**Prompt:** Copy, exactly and without additions, every line in the records below from the one holding "インスタントスープのチキン&コーン味" through the one holding "有機JAS認証 MEXICO Decafe", both ends included.

**Entries shown:**

________

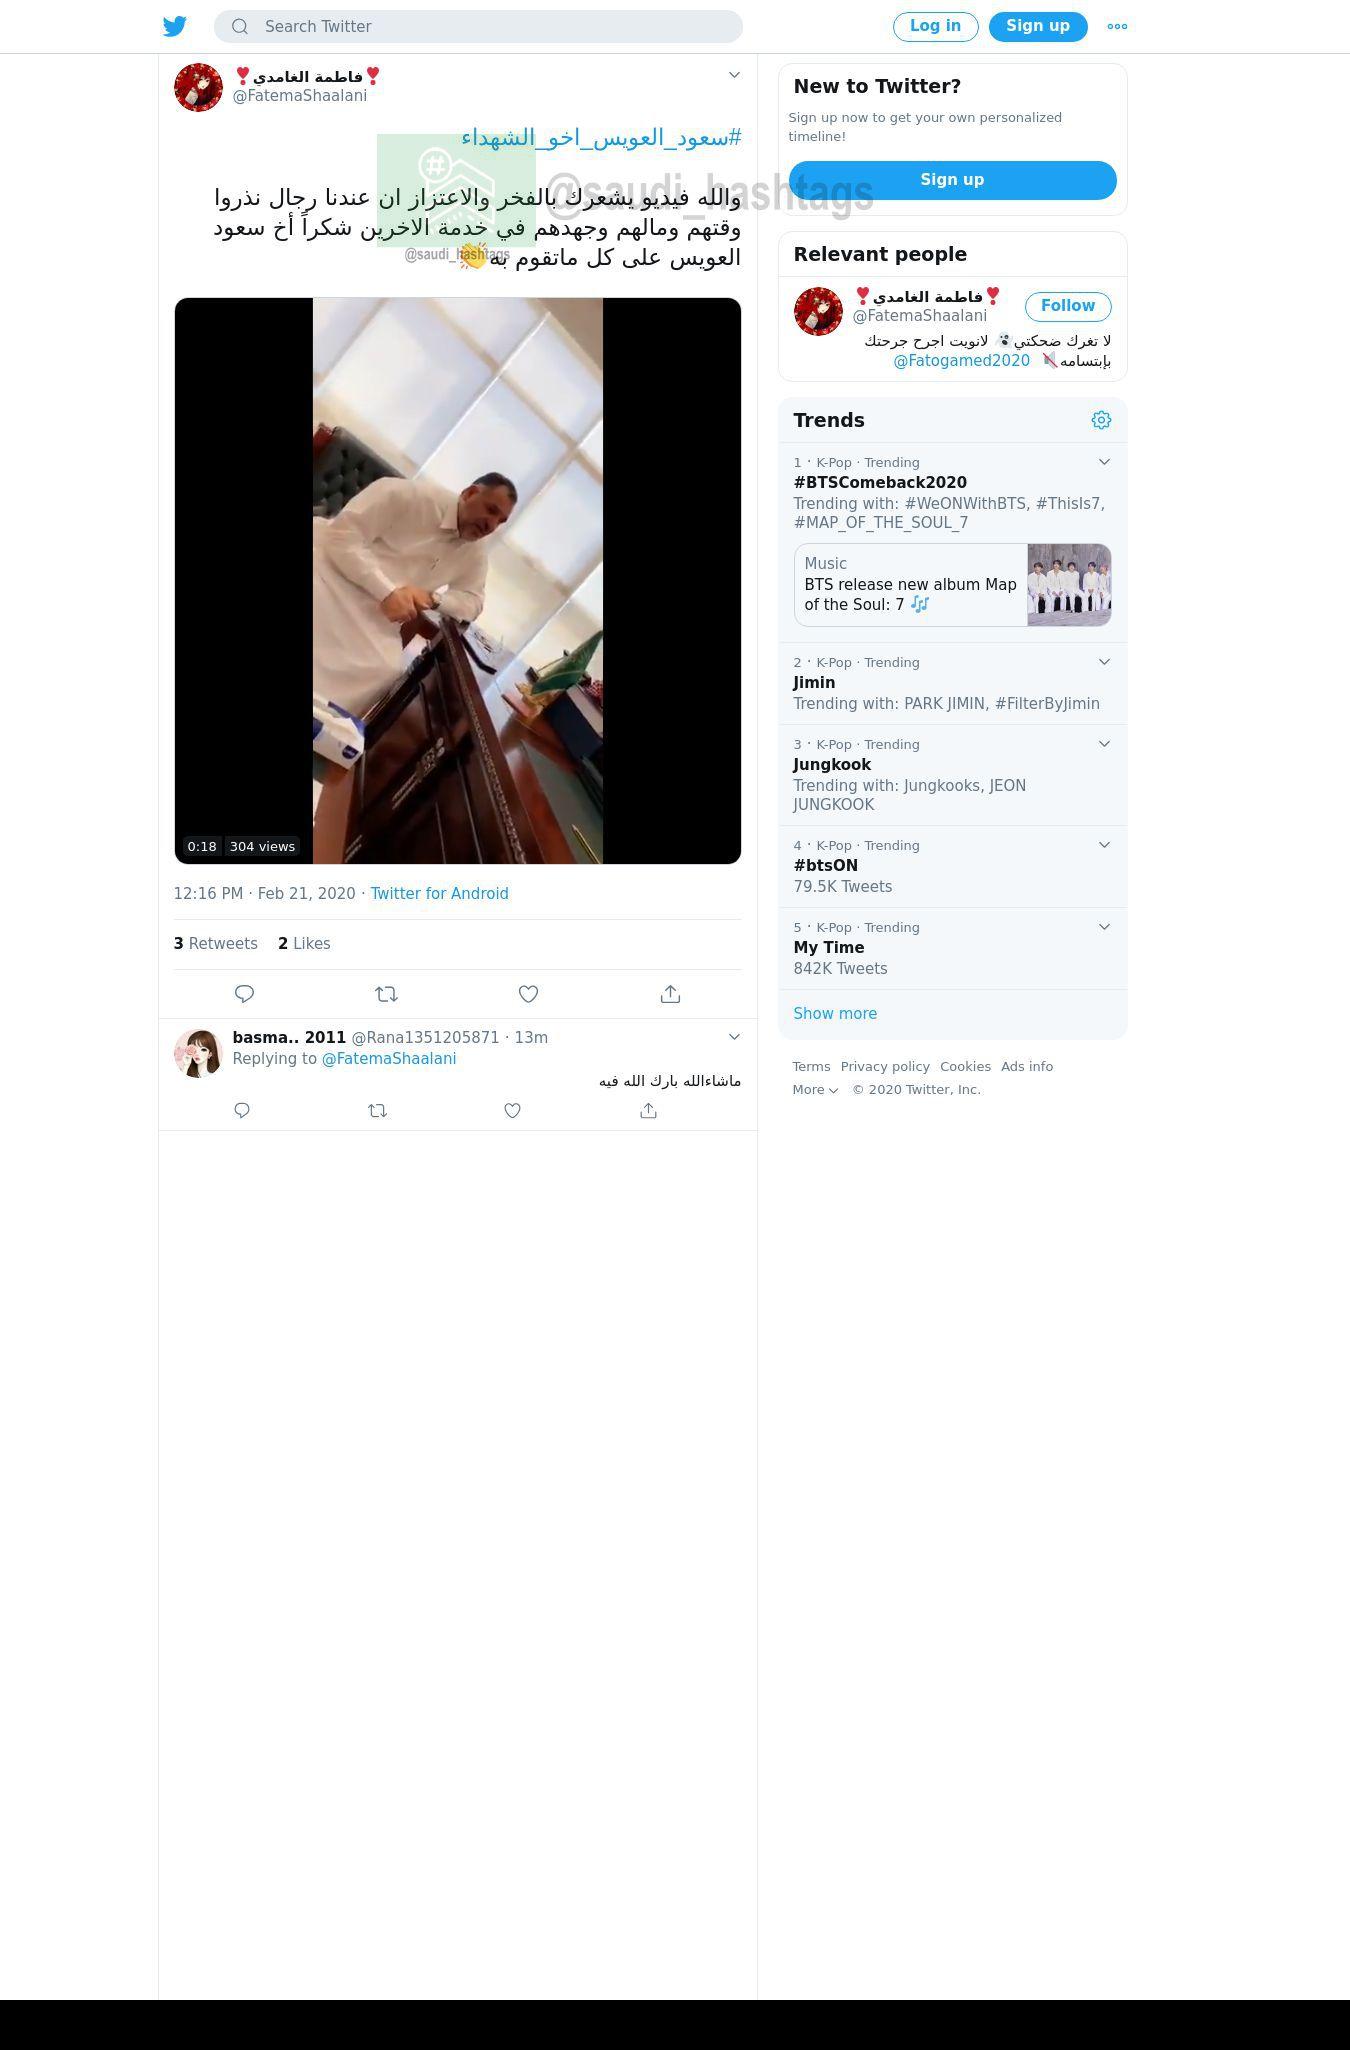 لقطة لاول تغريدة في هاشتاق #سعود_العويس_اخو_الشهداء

________

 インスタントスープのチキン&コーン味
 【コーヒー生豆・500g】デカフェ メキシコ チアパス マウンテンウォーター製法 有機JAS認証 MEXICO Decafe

________

**Answer to this task:**
 インスタントスープのチキン&コーン味
 【コーヒー生豆・500g】デカフェ メキシコ チアパス マウンテンウォーター製法 有機JAS認証 MEXICO Decafe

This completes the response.